KADINLARIMIZ ONURSUZ DEĞİLDİR.

Türsab seçimleri yaklaştıkça sular ısınmaya başladı. Severim bu ortamı ancak artık asla topa girmem. Bacağımı kötü kırdılar. Maçları uzaktan izlerim. Malumunuz iki kelam ettik diye şirketimin biri kapatıldı diğeri ise hala denetimlerden kurtulamıyor.

Bilindiği kadarı ile başkanlık yarışında 3 aday var. Biri 18 senelik başkan, diğeri geçen sene kıl payı başkanlık yarışını kaybeden Emin Çakmak, diğeri ise Firuz Bağlıkaya. Öncelikle her 3 adayımıza da başarılar dilerim. Yarışa yeni katılan Firuz arkadaşımızı da içtenlikle kutlarım.

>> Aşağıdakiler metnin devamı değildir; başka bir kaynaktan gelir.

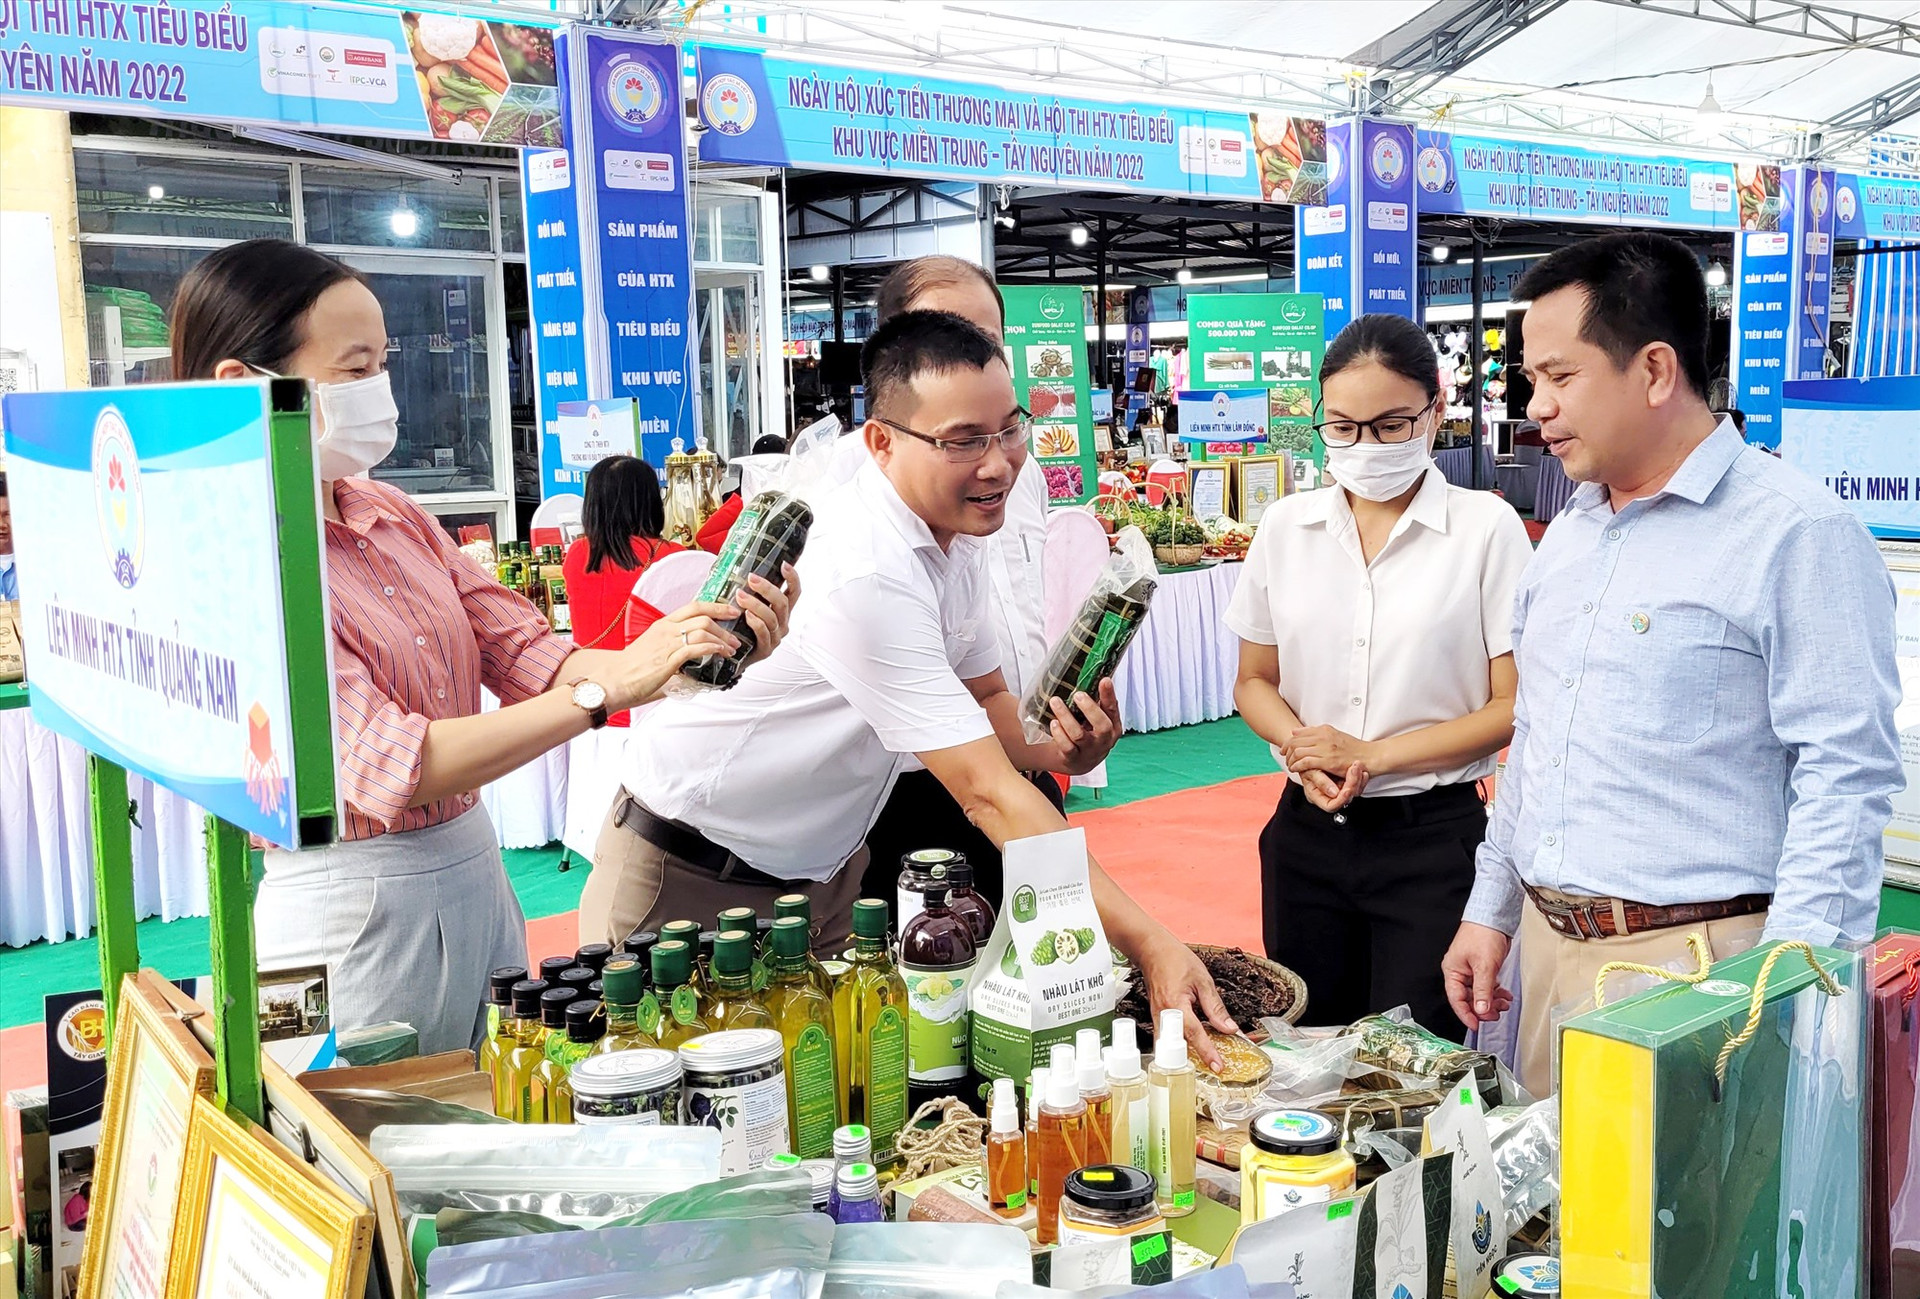 Các sản phẩm tiêu biểu trong tỉnh tham gia trưng bày, giới thiệu trong khuôn khổ Diễn đàn kinh tế tập thể, hợp tác xã khu vực miền Trung - Tây Nguyên vừa diễn ra tại Quảng Nam. Ảnh: VINH ANH

Malum kendisi senelerce Türsab yönetiminde çalışmış, Türsab içerisinde her türlü tecrübe ve donanıma sahip, yabancı diller ve kültür birikimleri ile seçimi kazandığı takdirde görevini layığı ile yapacağından emin olduğum bir arkadaşımızdır. Bendeniz, Başaran Ulusoy’un 18 senede yaptıklarını takdir ederken yapamadıklarını veya eksikliklerini aynı ekolden gelen ve başkan ile omuz omuza çalışmış olan Firuz Bağlıkaya arkadaşımızın layığı ile tamamlayacağına gönülden inanıyorum.

Elbette adayların bu yola kimlerle çıktıkları da önemlidir. Ancak, Firuz’un da Kadın düşmanı olarak bilinen, Genel kurulda bir kadın arkadaşımızın odasına “erkek gönderme” önerisinde bulunan, her genel kurulda en öne oturup salya sümük rakiplerine küfür, aşağılama, hakaretlerde bulunan, insanları espri dahi olsa “cenin ticareti” yapmakla itham eden, kendisini hac-umre dahisi ilan edip Arap misafirlerini Aksaray’ın arka sokaklarının en mümtaz! batakhanelerinde malum şekilde ağırlayan, kısaca bu camianın en nefret edilen, en sevilmeyen insanlarından uzak durması gerekmektedir. Çünkü camiamızın hiçbir onurlu kadınının kendisini bu derece aşağılayan bir kişi! ve onun temsil ettiği grubuna oy verecek kadar onursuz olduğunu düşünemiyorum.